Хирург кивнул, соображая про себя, как он относится к этому субтильному бледному существу, говорящему «ага» на все вопросы, которые он задавал. Мог бы он жить с ней, годящейся ему в дочери, как жил когда-то праведный Лот после выхода из Содома или хотя бы как жил и боролся Джек-потрошитель за свои угасающие мужские права в эпоху суфражисток и эмансипе?.. Нет, не мог бы. И дело не в плоской груди, не в глазах, закисающих, как несвежее молоко, а в том, что медсестричка училась долго и безнадежно в ветеринарном техникуме, училась целую вечность, лет восемь, за которые можно было бы познать мироздание, повторно открыть закон всемирного тяготения, умереть и возродиться в другом теле опять. Но она ничего не открыла, совсем не умерла, и становилось больно за ее бесцельно прожитые годы.

— Значит, кипяток будет, — сказал хирург. — Ага. — И повторил задумчиво: — Ага…

Вышел из операционной в ординаторскую.

Скинув с себя халат, он сел на продавленный диван и вздохнул полной грудью, надув потертые легкие. Под халатом — только спортивные трусы с вышитым на них меланхолическим крокодилом. Этот крокодил должен был, по-видимому, обозначать некие серьезные достоинства и отпугивать тех, кто не способен оценить их. Но сам Рудик Белецкий понимал, что достоинств на самом деле нет никаких, а есть хиловатая репродуктивная функция, сравнимая более с мотыльком, который бьется о стекло, засыпая на ходу, чем с радикальным, готовым на все крокодилом Свидригайловым. Хирургу стало обидно как за мотылька, так и за крокодила, которого, скорее всего, выловит из болота какой-нибудь подлый браконьер-латинос, выпотрошит, как вываливают из мешка картошку, и продаст на рынке активистам зеленой партии для музея живой природы.

Окно в ординаторской было распахнуто настежь.

— Йод, — прошептал Рудик самому себе. — Кругом один только йод…

Он знал, что его испускает в Орлеане маленький полупрозрачный рачок, который водился в озере Яровом с незапамятных времен. Рачка было много, как звезд на небе, в иные годы зачерпни воду ладонью и обнаружишь в ней копошащихся червячков, что напоминали маленьких креветок, но были, в отличие от них, не утилизированы человеком и не поданы на стол для тех, кто собирался отправлять физиологические потребности до глубокой старости.

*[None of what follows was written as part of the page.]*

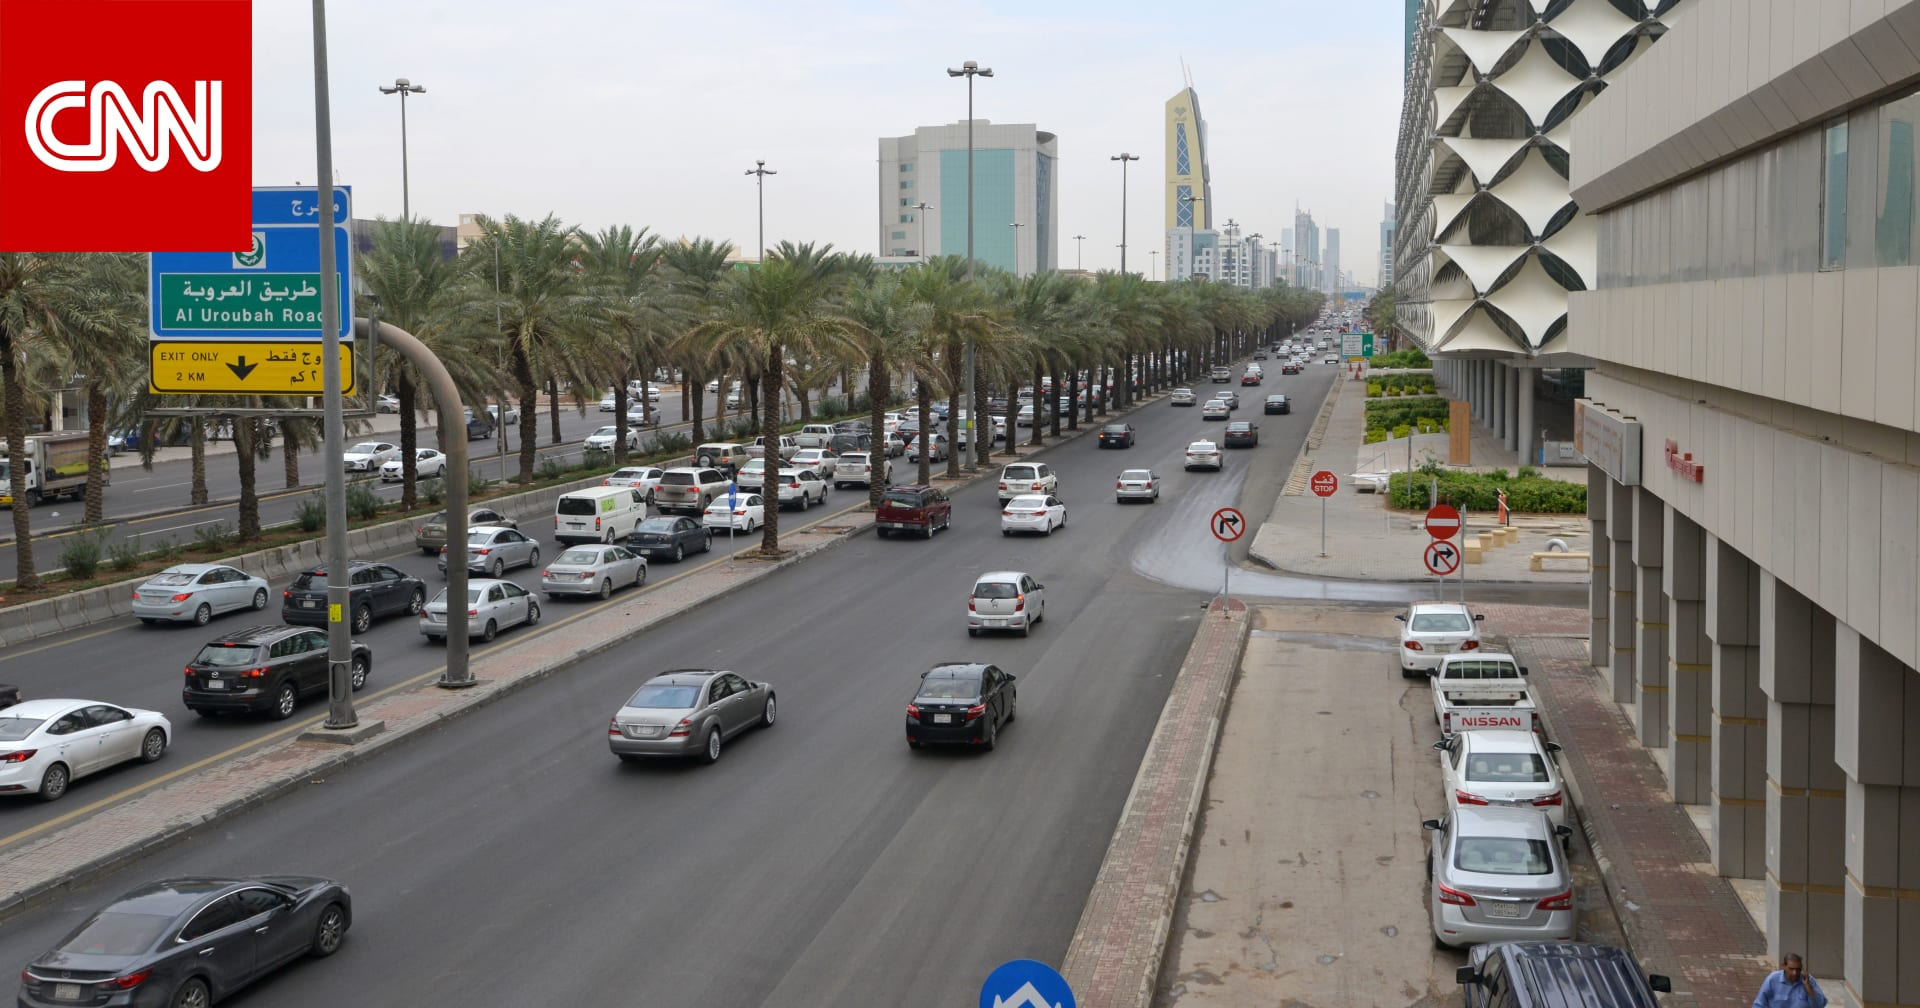 مكافحة الفساد السعودية تعلن إيقاف 65 شخصا منهم 48 بمؤسسات حكومية

Однако в девяностые годы все разрешилось само собой. Кто-то прочел, что рачками можно с успехом кормить не только молодящихся старичков с подрумяненными губной помадой щеками, но и скотину вместе с домашней птицей. Проблема была лишь в том, что последние, не в пример старичкам, исчезали с территории РФ с катастрофической быстротой, а рачок в соленом озере все прибывал и прибывал. Да и что даст, что заплатит убогий колхозник, названный кем-то фермером, за корм для скотины в виде смиренного безъязыкого рачка-схимника? Ни чертова кулака не даст, как сказал однажды писатель Гоголь. Зато какие-нибудь южные корейцы отвалят за них чистоганом да еще и доброе слово скажут, правда, по-корейски. И пошла губерния писать. Организовались рыбоводческие бригады на частной инновационной основе, которые подгребли под себя все, что водилось, плавало, пускало пузыри и трепыхалось в соленом озере провинциального значения. И с эшелонами на Дальний Восток вместе с ненужным нормальному человеку реликтовым лесом пошел ненужный тому же нормальному человеку рачок-ископаемое, за которого ненормальные косоглазые люди платили неплохие иностранные деньги. Эшелоны пошли, но рачок кое-где еще оставался.

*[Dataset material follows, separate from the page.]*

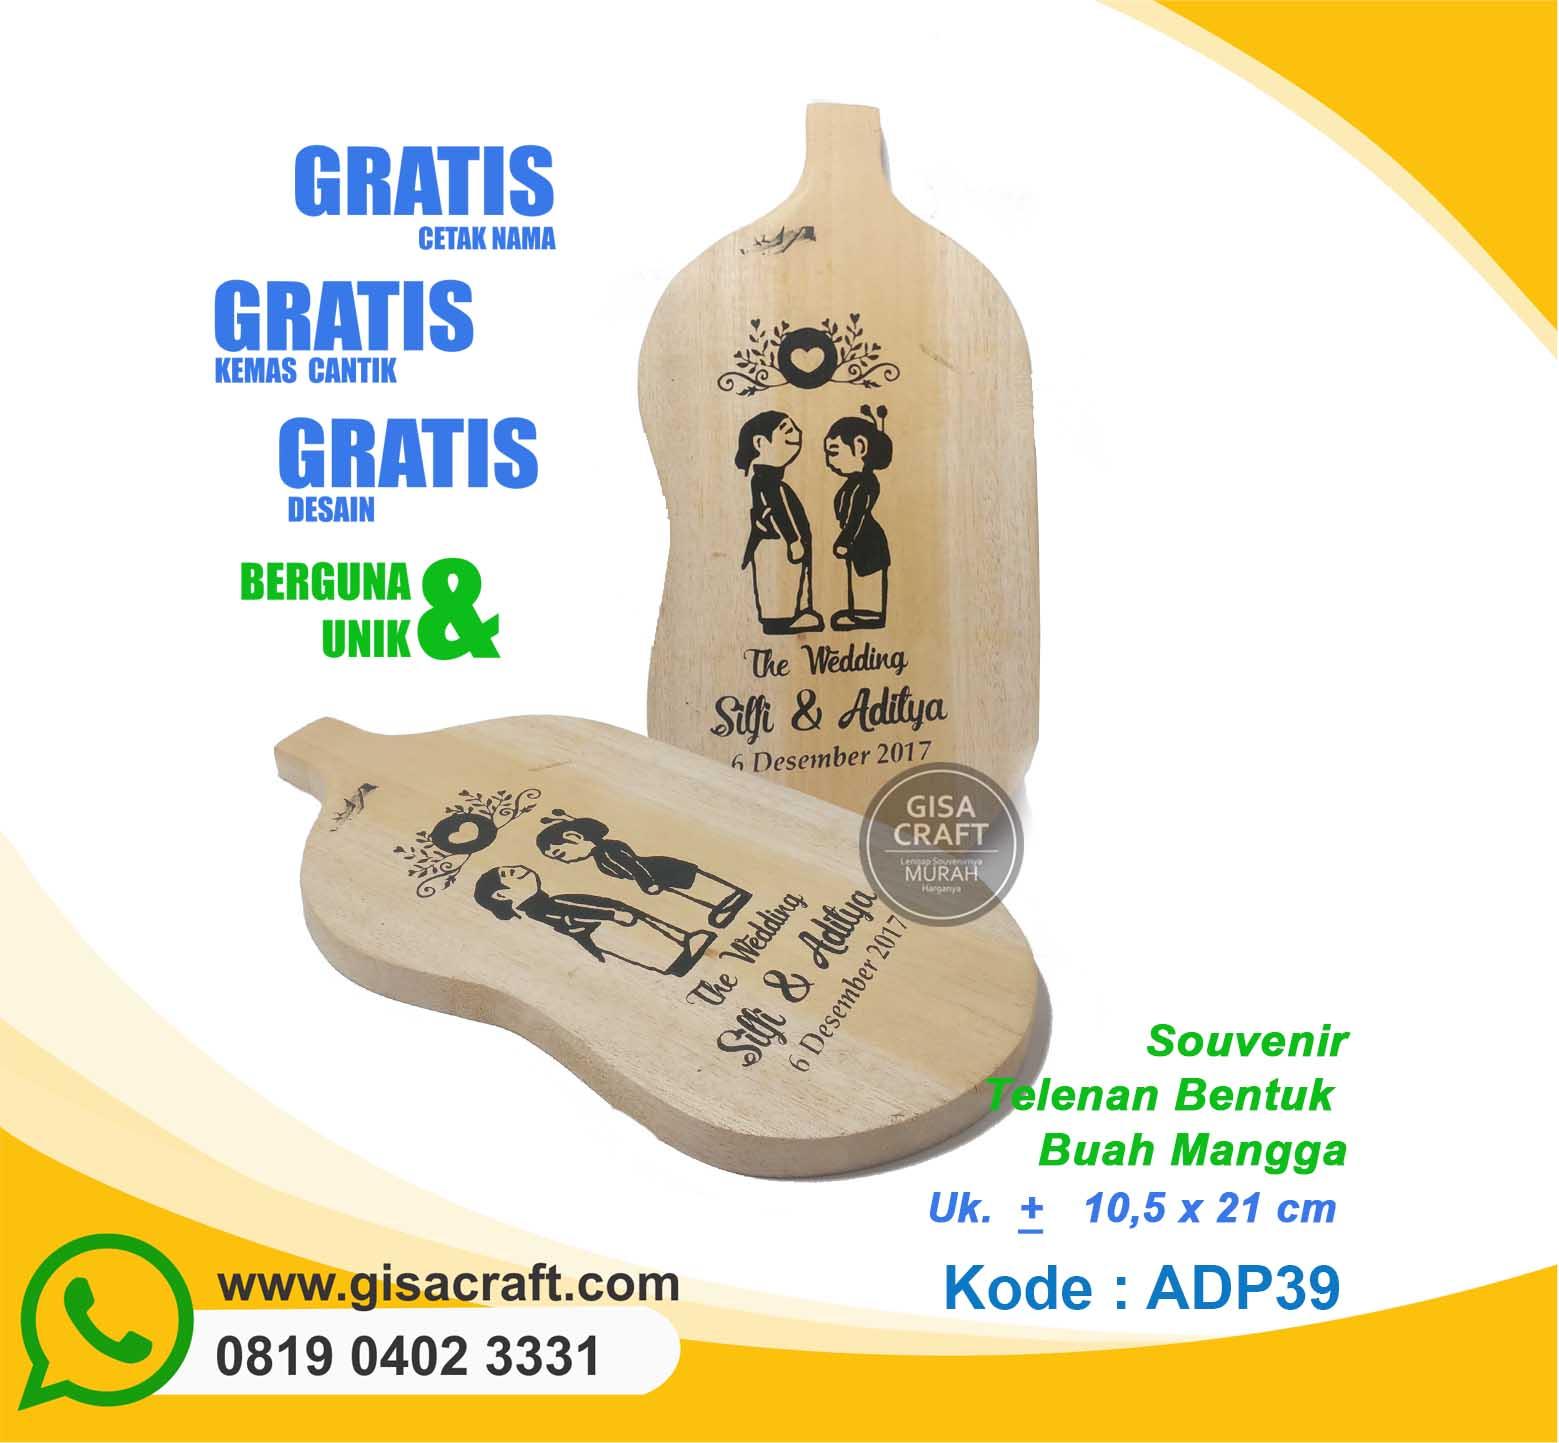 Souvenir Talenan Bentuk Buah Mangga ADP39

На самодельной электроплитке помятый чайник начал заговариваться, как в бреду, потому что температура внутри него повысилась до критического значения.

Рудольф посмотрел на себя в зеркало и увидал в нем молодцеватого ржавого мужчину с вьющимися волосами и большими залысинами бильярдного шара, обещавшими скорое обнуление головы. В семидесятые годы это было бы катастрофой, но в начале ХХI века почти все мужчины РФ стали бильярдными шарами, даже и не лысые, по той простой причине, что это было удобно для драк: никто не мог схватить тебя за волосы и приложить к кирпичной стене по мимолетному желанию. Все сделались отчаянными бойцами, даже тот, кто был трусом.

Хирург вдруг понял, что похож на мясника.

Открыл холодильник, вытащил из морозильника застывшие кубики воды, вытряхнул ледышки из пластмассовых стаканчиков и начал натирать ими лицо, особенно мешки под глазами, в которые можно было спрятать небольшие пуговицы.

Обтерся полотенцем. Вскрыл упаковку «Роллтона», залил его кипятком и, попробовав, понял, что не может это есть.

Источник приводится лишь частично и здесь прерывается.